Reputation: 135
I have a dataframe consisting of 12 columns with different participants, in a top 5. It looks like this:
> top_5
4 5 8 9 11 12 15 16 19 20 22 23
[1,] "Nia" "Hung" "Hanaaa" "Ramziyya" "Marissa" "Jaelyn" "Shyanne" "Jaabir" "Dionicio" "Nia" "Shyanne" "Roger"
[2,] "Razeena" "Husni" "Bradly" "Marissa" "Bradly" "Muhsin" "Razeena" "Dionicio" "Magnus" "Kelsey" "Nia" "Schyler"
[3,] "Shyanne" "Schyler" "Necko" "Johannah" "Tatiana" "Glenn" "Nia" "Jaelyn" "Shyanne" "Hanaaa" "Mildred" "German"
[4,] "Schyler" "German" "Hung" "Lubaaba" "Johannah" "Magnus" "Dionicio" "German" "German" "Razeena" "Dionicio" "Jaabir"
[5,] "Husni" "Necko" "Razeena" "Afeefa" "Schyler" "Dionicio" "Jaabir" "Roger" "Johannah" "Remy" "Jaabir" "Jaelyn"
(And can be recreated using this):
structure(c("Nia", "Razeena", "Shyanne", "Schyler", "Husni",
"Hung", "Husni", "Schyler", "German", "Necko", "Hanaaa", "Bradly",
"Necko", "Hung", "Razeena", "Ramziyya", "Marissa", "Johannah",
"Lubaaba", "Afeefa", "Marissa", "Bradly", "Tatiana", "Johannah",
"Schyler", "Jaelyn", "Muhsin", "Glenn", "Magnus", "Dionicio",
"Shyanne", "Razeena", "Nia", "Dionicio", "Jaabir", "Jaabir",
"Dionicio", "Jaelyn", "German", "Roger", "Dionicio", "Magnus",
"Shyanne", "German", "Johannah", "Nia", "Kelsey", "Hanaaa", "Razeena",
"Remy", "Shyanne", "Nia", "Mildred", "Dionicio", "Jaabir", "Roger",
"Schyler", "German", "Jaabir", "Jaelyn"), .Dim = c(5L, 12L), .Dimnames = list(
NULL, c("4", "5", "8", "9", "11", "12", "15", "16", "19",
"20", "22", "23")))
Now if a participant is in the top row, it means that they are in first place in that column (so for the 1st column "Nia" is first, "Razeena" is second, etc.).
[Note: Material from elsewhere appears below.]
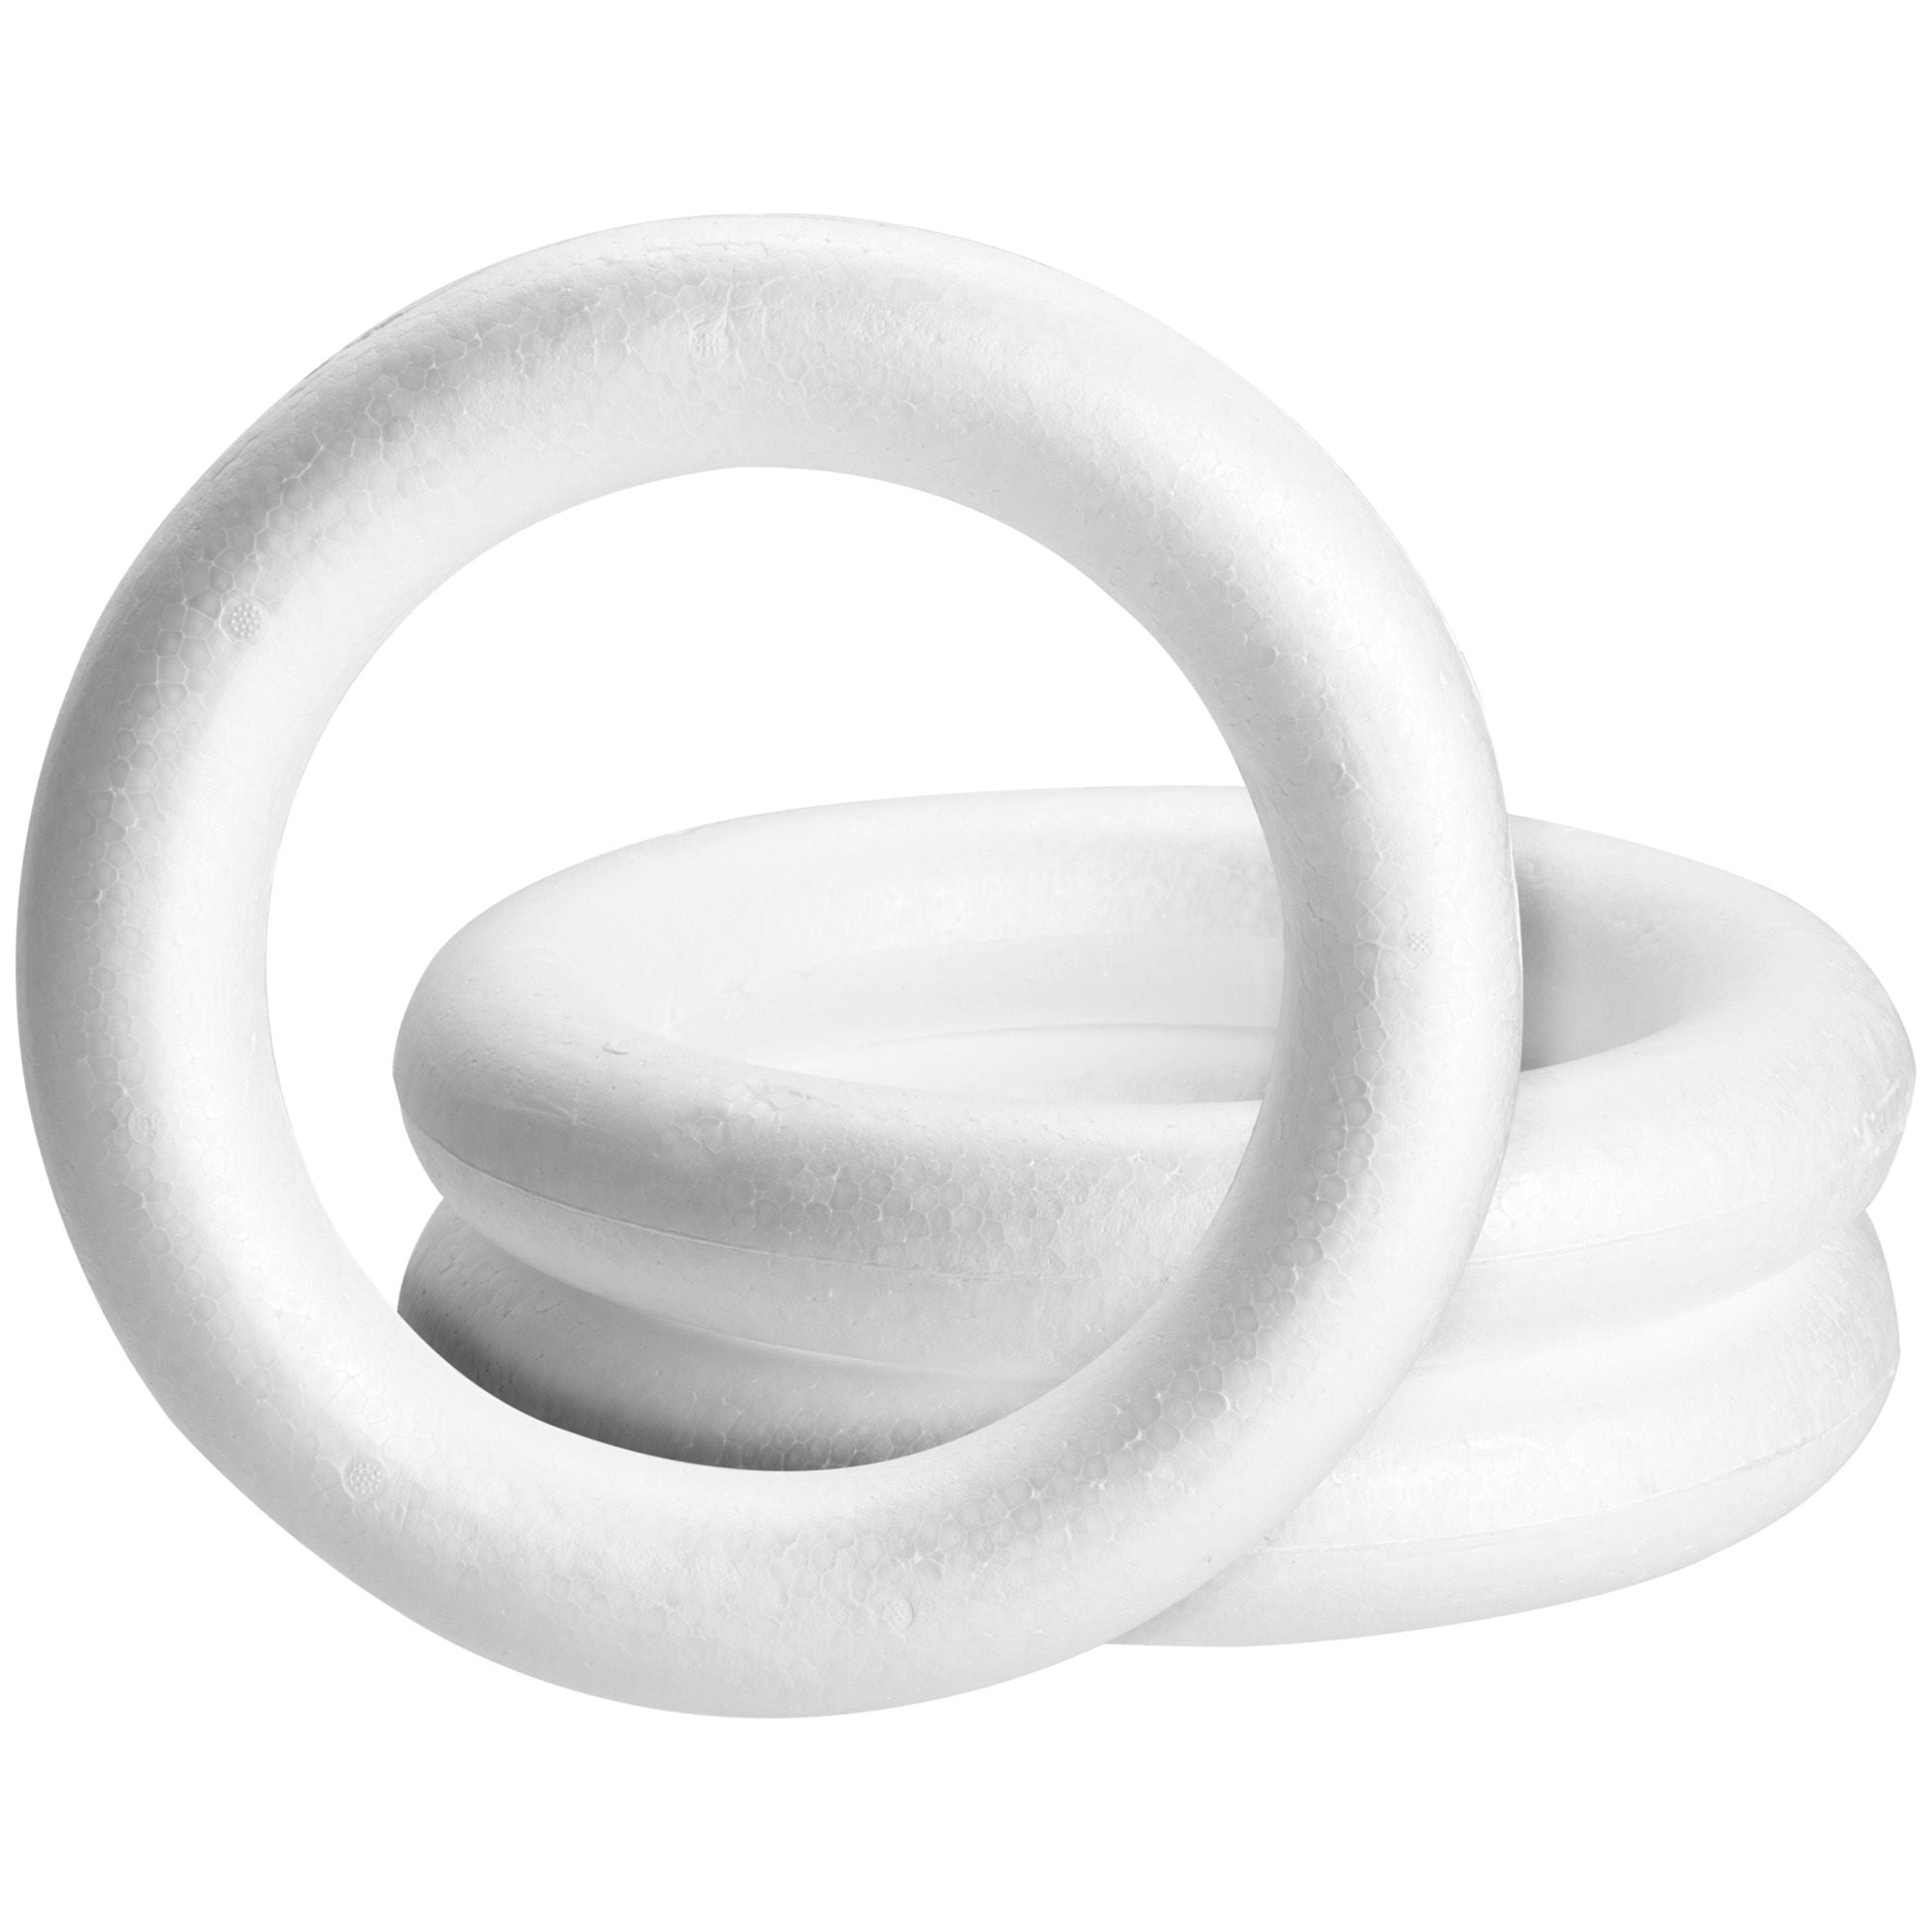 6 Pack Foam Wreath Forms for DIY Crafts, 8 Inch Polystyrene Rings, PACK -  Baker's

A first place in the ranking is worth 5 points, the second place 4 points, etc. Now I want to calculate for each participant in the matrix her/his points.
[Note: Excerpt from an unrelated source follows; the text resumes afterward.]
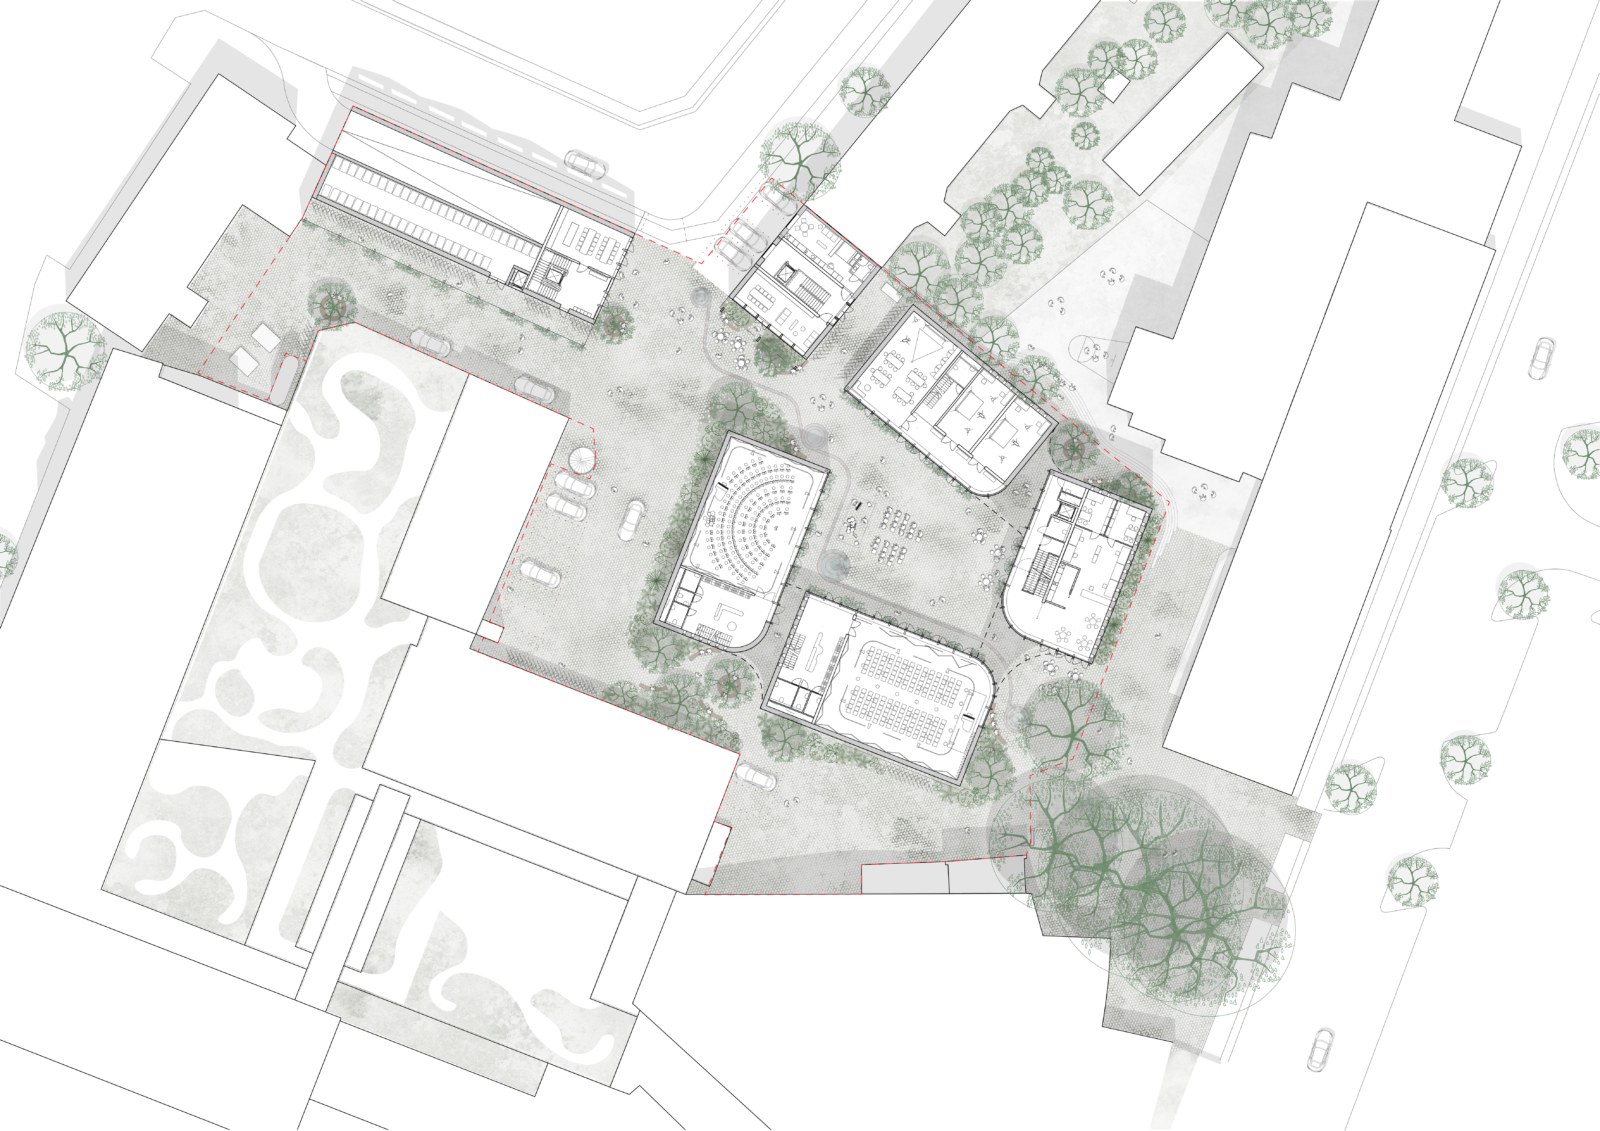 12 cobe school of music and culture plan

My goal is to make an overall top 5. How would I go about this?
Upvotes: 1
Views: 60
Reputation: 28675
Here is a "convert to long then summarise by group" method similar to M--'s answer, but with data.table
library(data.table)
df <- as.data.table(top_5)[, points := .N:1]
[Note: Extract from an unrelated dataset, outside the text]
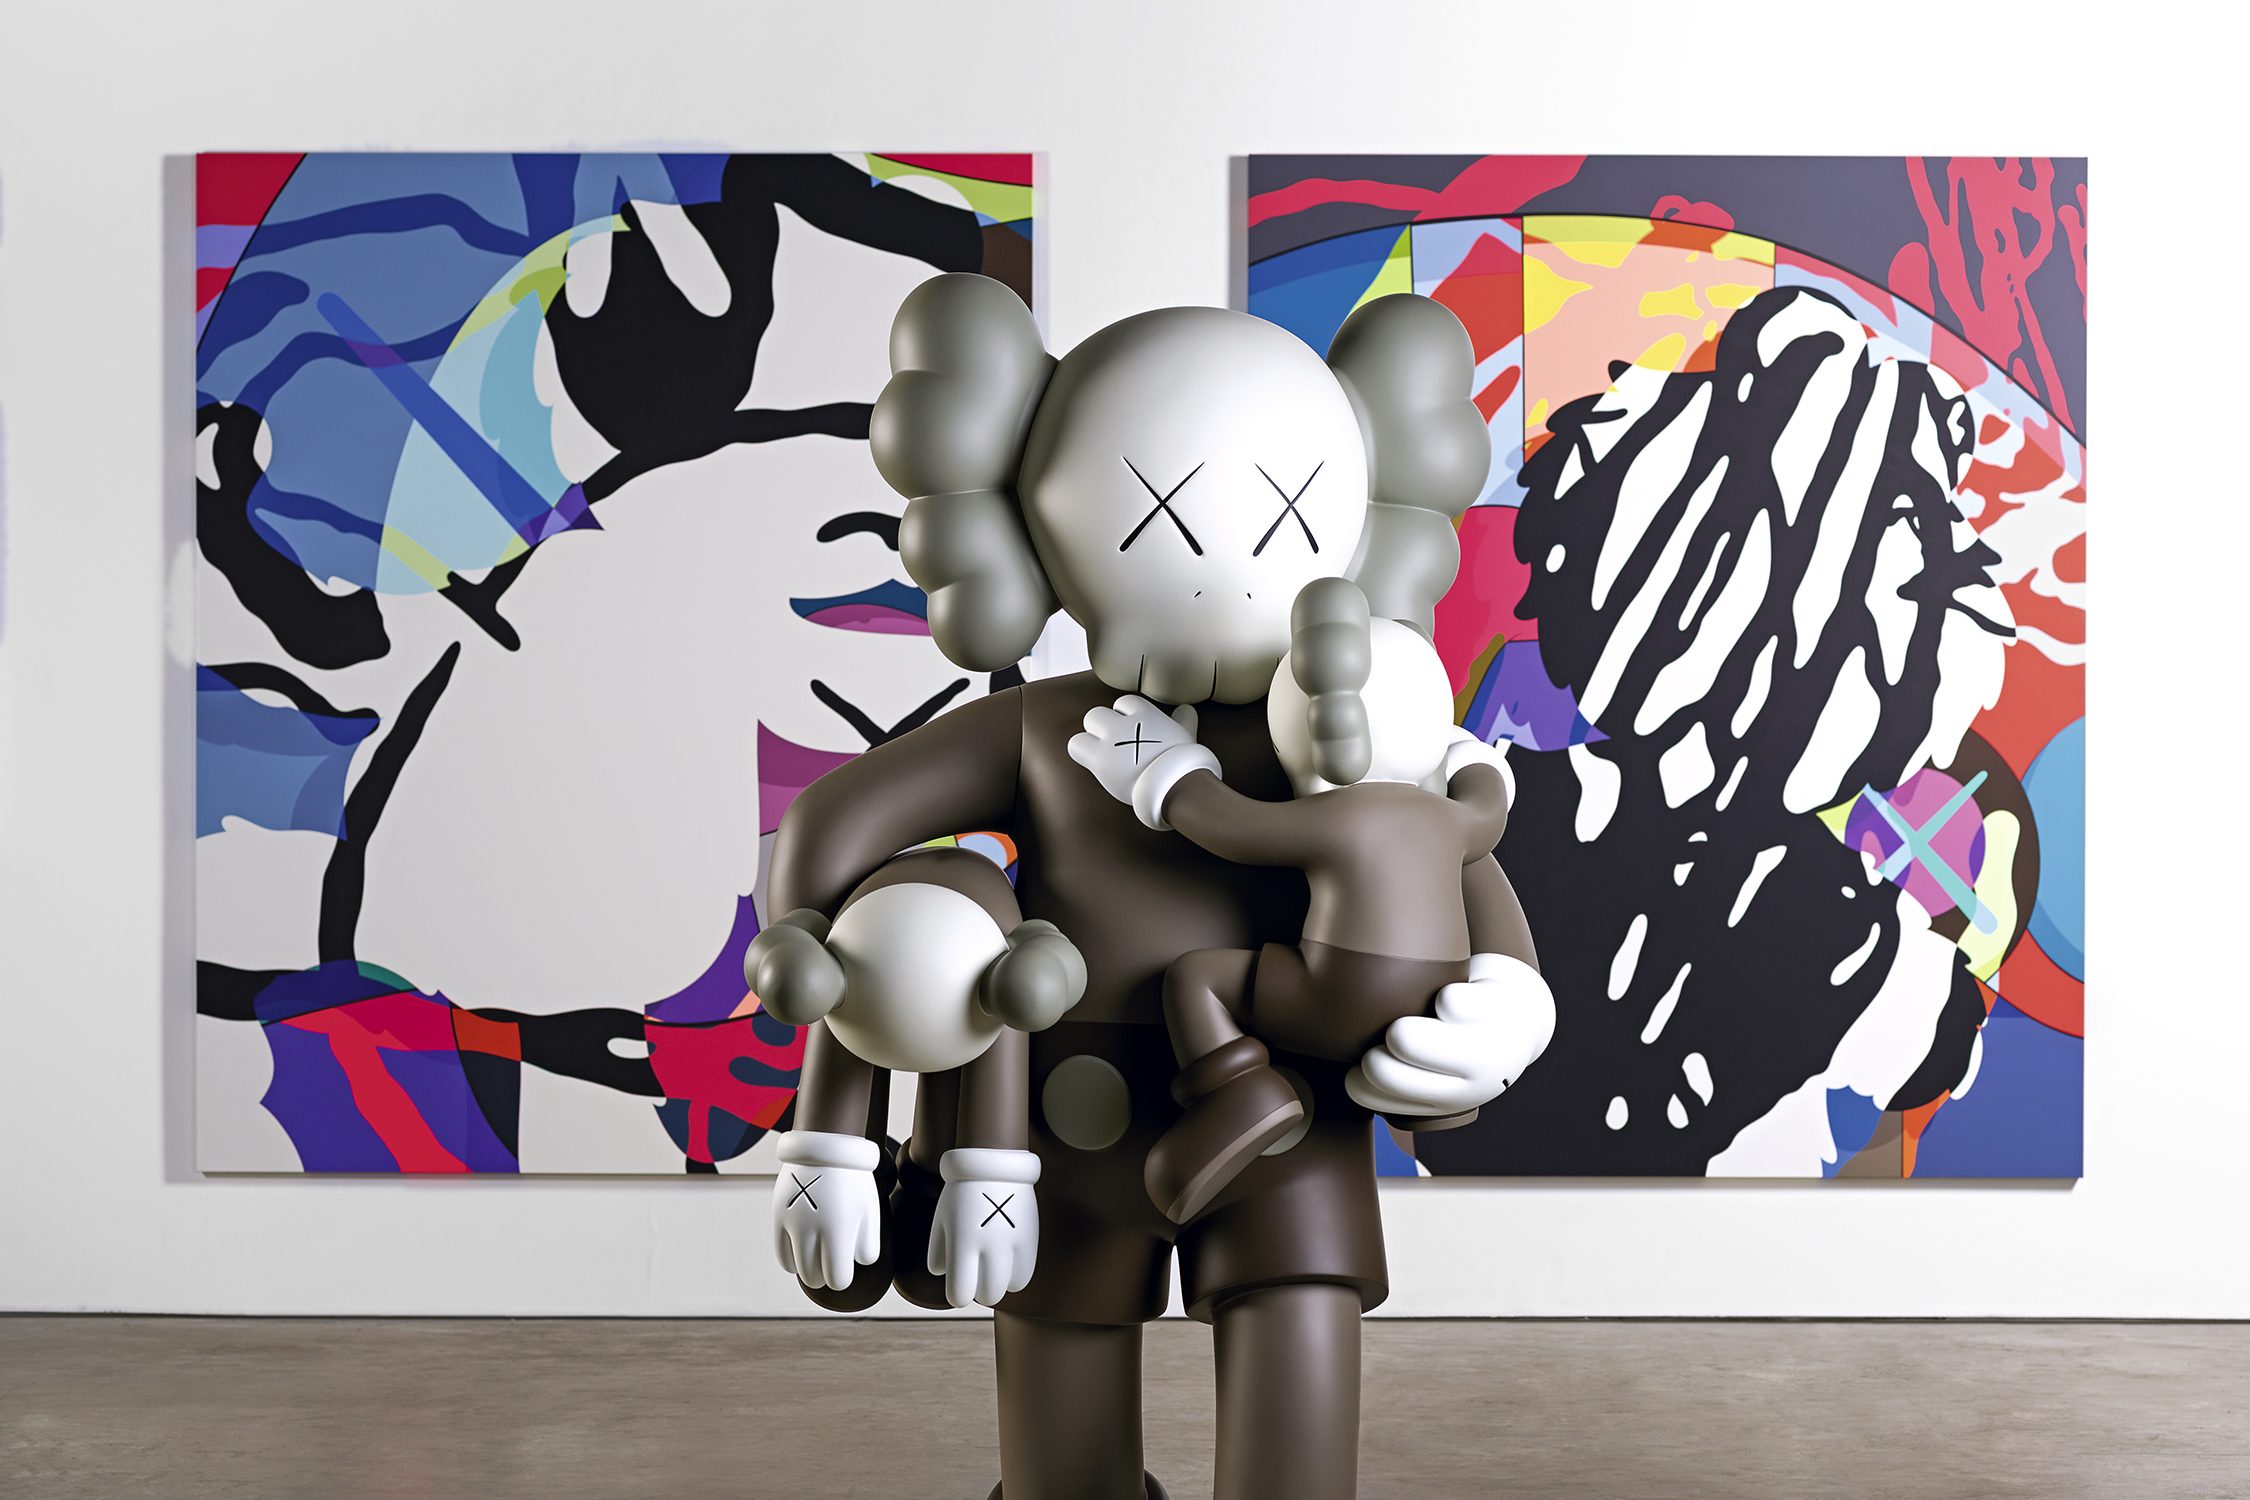 KAWS: Companionship in the age of loneliness

total_points <- melt(df, 'points')[, .(points = sum(points)), value]
setorder(total_points, -points)
head(total_points, 5)
# value points
# 1: Nia 17
# 2: Shyanne 16
# 3: Dionicio 14
# 4: Razeena 11
# 5: Schyler 10
Or an idea very similar to akrun's, just using tapply
in place of sapply
+ split
out <- sort(tapply(c(6 - row(top_5)), c(top_5), sum), decreasing = TRUE)
head(out, 5)
# Nia Shyanne Dionicio Razeena Schyler
# 17 16 14 11 10
Upvotes: 3
Reputation: 28825
Using tidyverse
functions:
library(tidyr)
library(dplyr)
top_5 %>%
as.data.frame %>%
head(.,5) %>%
mutate(rank = nrow(.):1) %>%
pivot_longer(., -c(rank), values_to = "name", names_to = "col") %>%
group_by(name) %>%
summarise_at(vars(rank), list(points = sum))
#> # A tibble: 26 x 2
#> name points
#> <fct> <int>
#> 1 Husni 5
#> 2 Nia 17
#> 3 Razeena 11
#> 4 Schyler 10
#> 5 Shyanne 16
#> 6 German 9
#> 7 Hung 7
#> 8 Necko 4
#> 9 Bradly 8
#> 10 Hanaaa 8
#> # ... with 16 more rows
Upvotes: 3
Reputation: 887028
An option is to split
the row index reversed with the matrix values into a list
and get the sum
of each list
element by looping over the list
(sapply
)
out <- sapply(split(row(top_5)[nrow(top_5):1, ], top_5), sum)
out
#Afeefa Bradly Dionicio German Glenn Hanaaa Hung Husni Jaabir Jaelyn Johannah Kelsey Lubaaba Magnus Marissa Mildred Muhsin
# 1 8 14 9 3 8 7 5 9 9 6 4 2 6 9 3 4
# Necko Nia Ramziyya Razeena Remy Roger Schyler Shyanne Tatiana
# 4 17 5 11 1 6 10 16 3
head(out[order(-out)], 5)
# Nia Shyanne Dionicio Razeena Schyler
# 17 16 14 11 10
Or another option is rowsum
rowsum(c(row(top_5)[nrow(top_5):1, ]), group = c(top_5))
Upvotes: 3